Water velocity could affect the removal of algae by stream grazers because grazers remove algae at the highest rates in a fast benthic current [29]. In this study, however, the high grazing efficiency could not compensate for the low grazer density, and grazing pressure on algae was low during high-flow periods. The structure and architecture of the algal community might affect grazing pressure [28]. In the summer, filamentous green algae are more abundant in our study streams than in the winter, but only small amounts of these large algae are consumed by grazers [27]. Interestingly, variation in the structure and architecture of the algal community can explain why the effects of grazing were visible only during the winter and spring when the algal community might be dominated by diatoms rather than by filamentous green algae.

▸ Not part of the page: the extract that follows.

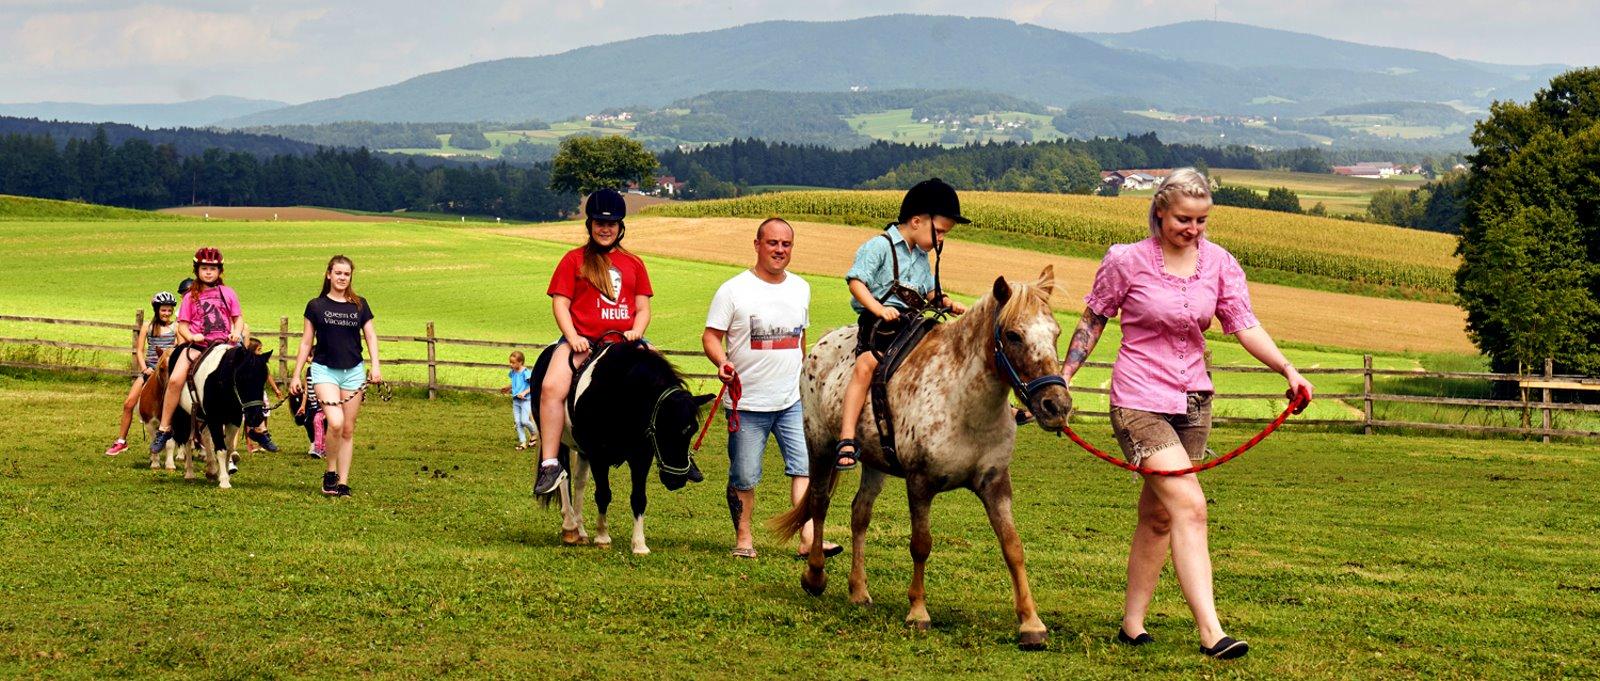 eder-kinderreiterferien-bayerischer-wald-ponyreiten-panorama-1600
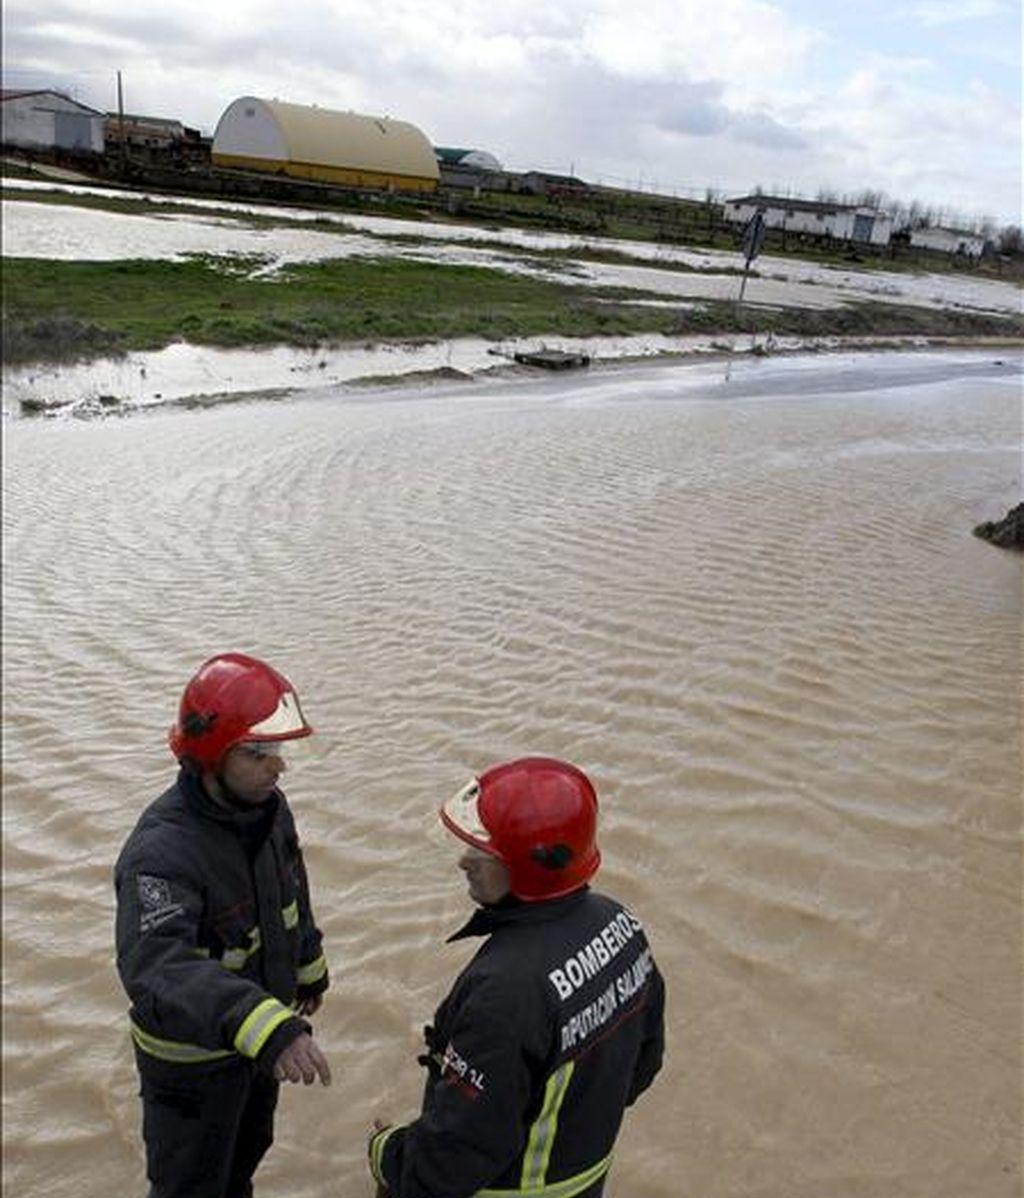 Dos miembros del cuerpo de Bomberos trabajan en la localidad salmantina de Forfoleda, donde las abundantes lluvías caídas han originado el desbordamiento de un arroyo que ha inundado varias calles del municipio. EFE

In addition to grazer dynamics, invertebrate grazing activity is also affected by grazer community structure [1, 21]. Interestingly, although grazer biomass and abundance varied greatly between years, grazing activity varied much less. Opportunistic species can rapidly overcome the effects of flooding through rapid reproduction. For example, under the unstable conditions caused by unpredictable and severe flooding, opportunistic macroinvertebrates can dominate the stream invertebrate community [53]. Previous studies in our watershed have demonstrated that extreme flooding changed the structure of the macroinvertebrate community by causing a decline in the relative abundance of large K-selected species [18, 42]. Flooding can also change community structure and functional organization [18, 42]. This change in the structure of the grazer community following extreme flooding could explain the higher rates of algal removal during the periods after floods. After extreme floods, stronger grazing pressure might be exerted by the remaining small r-selected generalists (e.g., Chironomidae), which consume more algal biomass per unit grazer biomass than large grazers [33]. However, large scraping caddisflies graze more algal biomass than mayflies [54]. In our study, Heptageniidae mayflies, which have traits that enable them to resist flooding, became more dominant, and the abundance of flood-susceptible scraping caddisflies was low during the periods after extreme floods [18]. Thus, we did not find a notable difference in grazing pressure after extreme and normal floods because of structural changes in the grazer community.

Conclusions

We used a Bayesian model of algal biomass dynamics that combines growth and detachment processes to model the seasonal and annual changes in algal biomass in response to fluctuations in the environment, especially flooding and invertebrate grazing, over a 10-year period. Our principal findings were: (1) flow regime was the primary driver of algal dynamics; (2) extreme flooding can affect the composition of epilithic algal communities during the recovery period, altering the growth and hydrological resistance of the algal community; and (3) feeding activity was governed by community structure of the invertebrate grazers. Including extreme flooding and grazer activity in this study boosted our understanding of the relationships between ecological variables and variation in the biomass of epilithic algae. Extreme floods in monsoonal and Mediterranean streams with notable seasonal flow dynamics probably directly affect algal biomass dynamics and also have top-down effects on algal dynamics by affecting their grazers. Awareness and understanding of these interactions and their effects is crucial for future studies and management programs for stream ecosystems, especially when considering the effects of climate change and weather scenarios.